# Concurrent Growth Benchmark
The following experiments focus only on the concurrent growth or collection of the elements.
## Growth with ***push***
In the first part, *rayon*'s parallel iterator, and push methods of *AppendOnlyVec*, *boxcar::Vec* and *ConcurrentVec* are used to collect results from multiple threads. Further, different underlying pinned vectors of the *ConcurrentVec* are evaluated. You may find the details of the benchmarks at [benches/collect_with_push.rs](https://github.com/orxfun/orx-concurrent-vec/blob/main/benches/collect_with_push.rs).
We observe that:
* The default `Doubling` growth strategy leads to efficient concurrent collection of results. Note that this variant does not require any input to construct.
* On the other hand, `Linear` growth strategy performs significantly better. Note that value of this argument means that each fragment of the underlying `SplitVec` will have a capacity of 2^12 (4096) elements. The underlying reason of improvement is potentially be due to less waste and could be preferred with minor knowledge of the data to be pushed.

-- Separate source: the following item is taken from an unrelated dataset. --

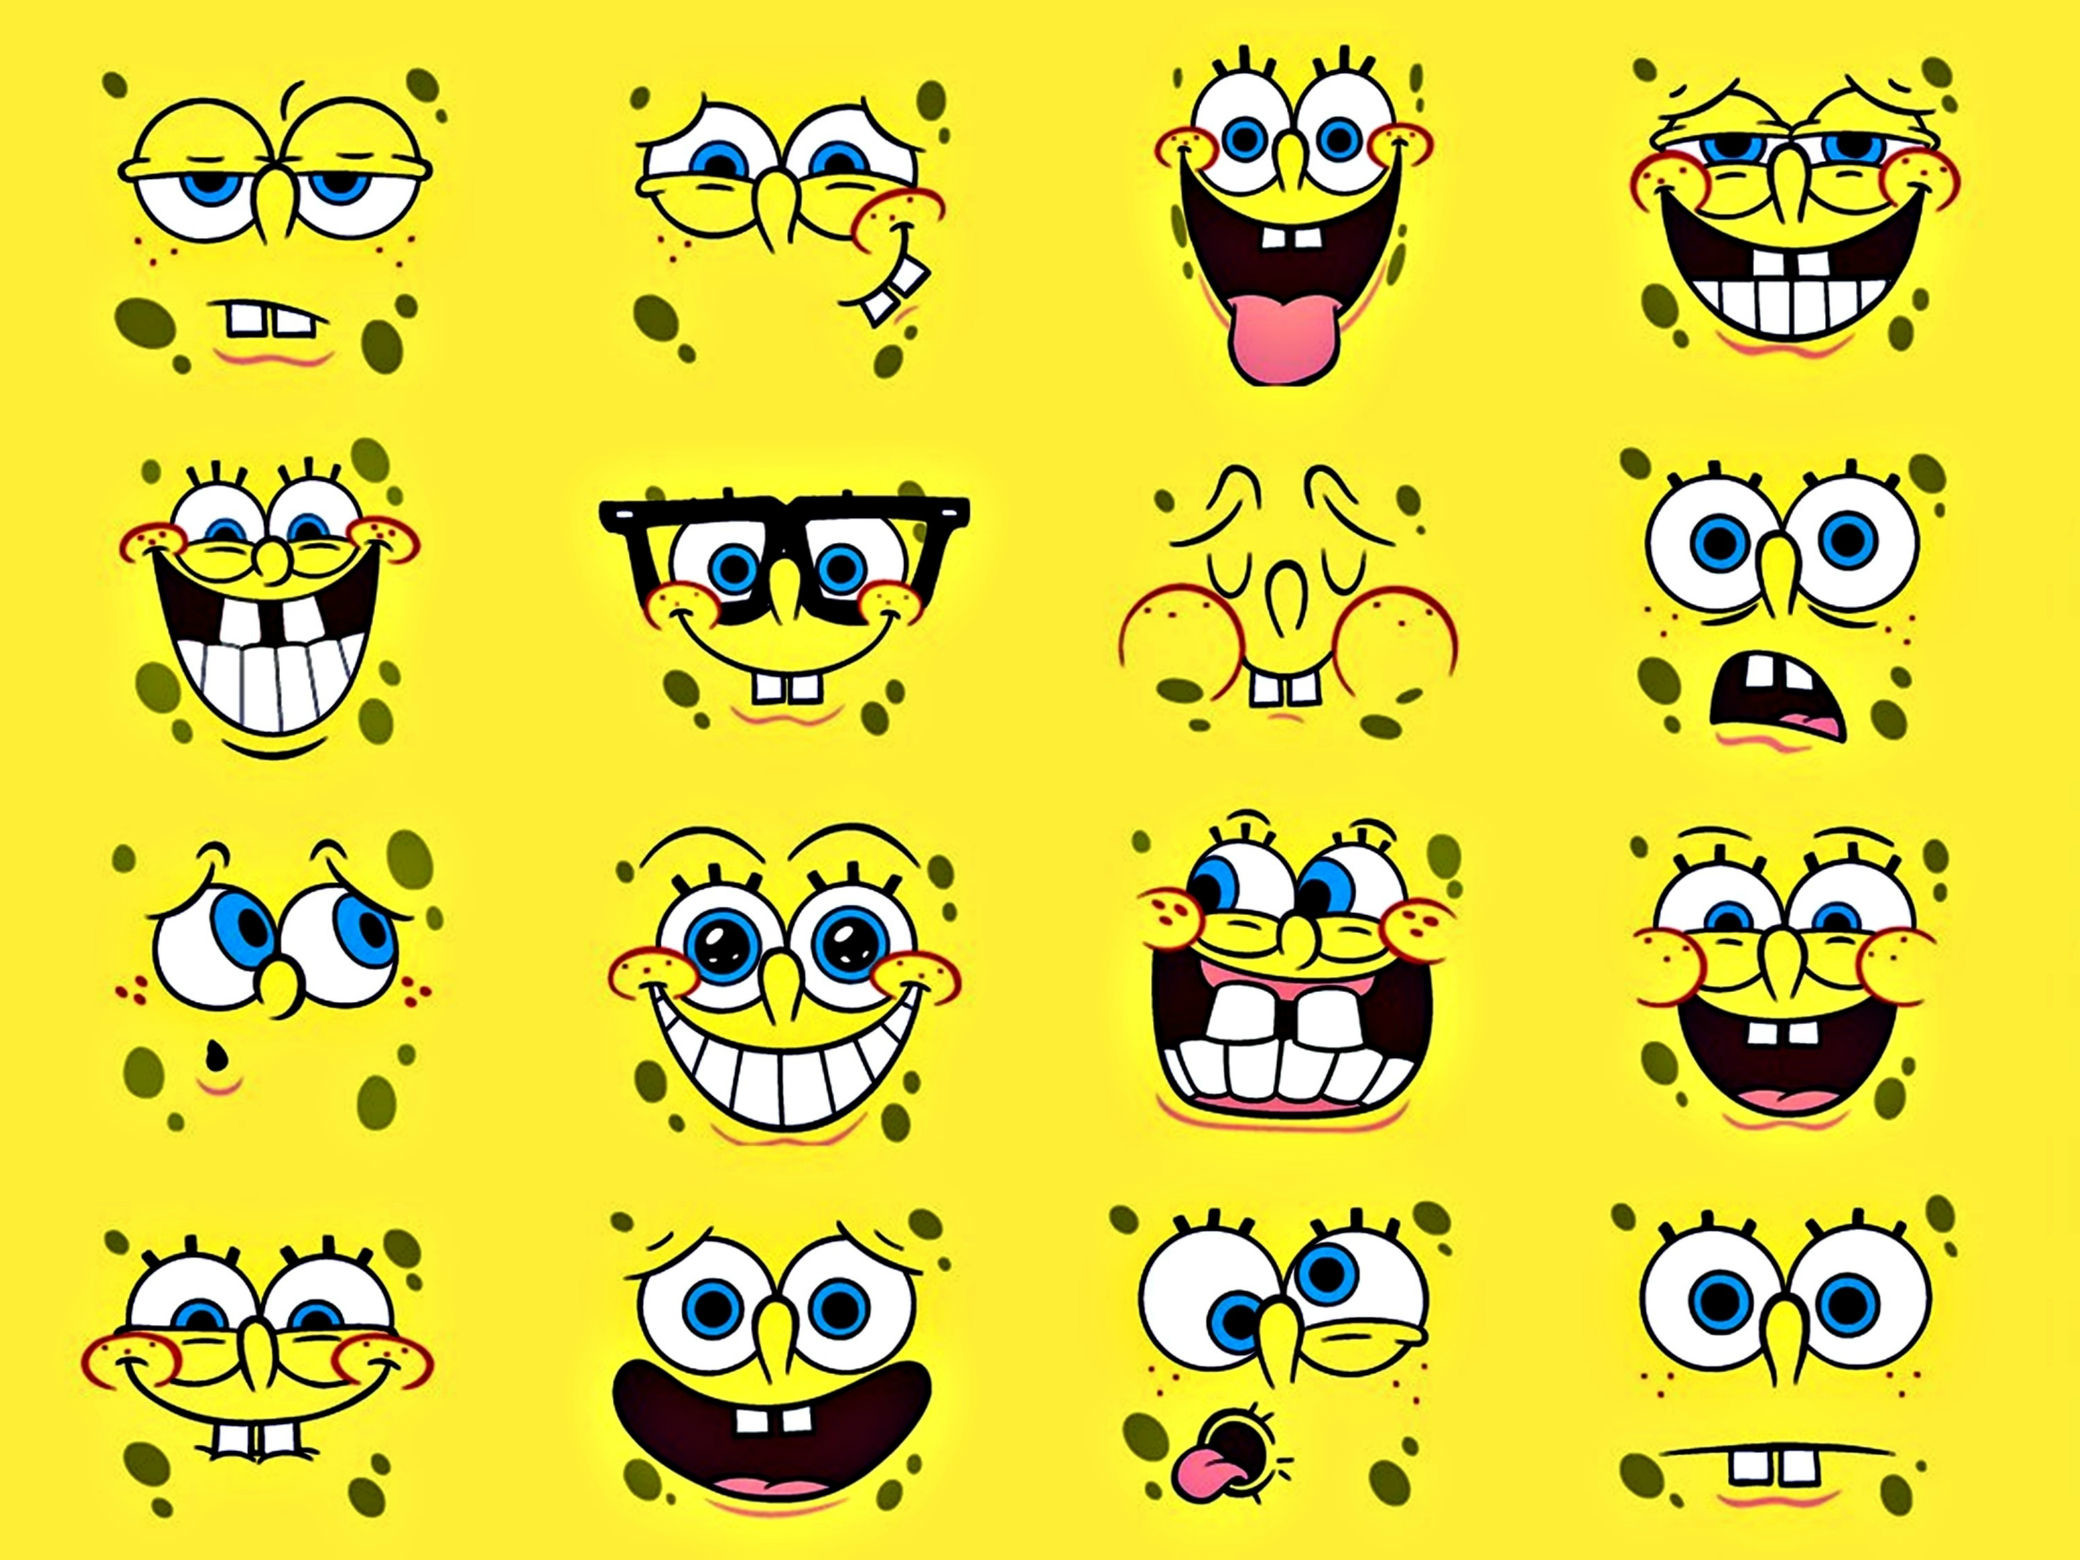 Spongebob Squarepants Wallpaper Hd Wallpapersafari

* Finally, `Fixed` growth strategy is the least flexible and requires perfect knowledge about the hard-constrained capacity (will panic if we exceed). Since it does not outperform `Linear`, we do not necessarily prefer `Fixed` even if we have the perfect knowledge.
The performance can further be improved by using `extend` method instead of `push`. You may see results in the next subsection and details in the [performance notes](https://docs.rs/orx-concurrent-bag/2.3.0/orx_concurrent_bag/#section-performance-notes) of `ConcurrentBag` which has similar characteristics.
## Growth with ***extend***
The only difference in this follow up experiment is that we use `extend` rather than `push` with *ConcurrentVec*. You may find the details of the benchmarks at [benches/collect_with_extend.rs](https://github.com/orxfun/orx-concurrent-vec/blob/main/benches/collect_with_extend.rs).
The expectation is that this approach will solve the performance degradation due to false sharing, which turns out to be true:
* Extending rather than pushing might double the growth performance.
* There is not a significant difference between extending by batches of 64 elements or batches of 65536 elements. We do not need a well tuned number, a large enough batch size seems to be just fine.
* Not all scenarios allow to extend in batches; however, the significant performance improvement makes it preferable whenever possible.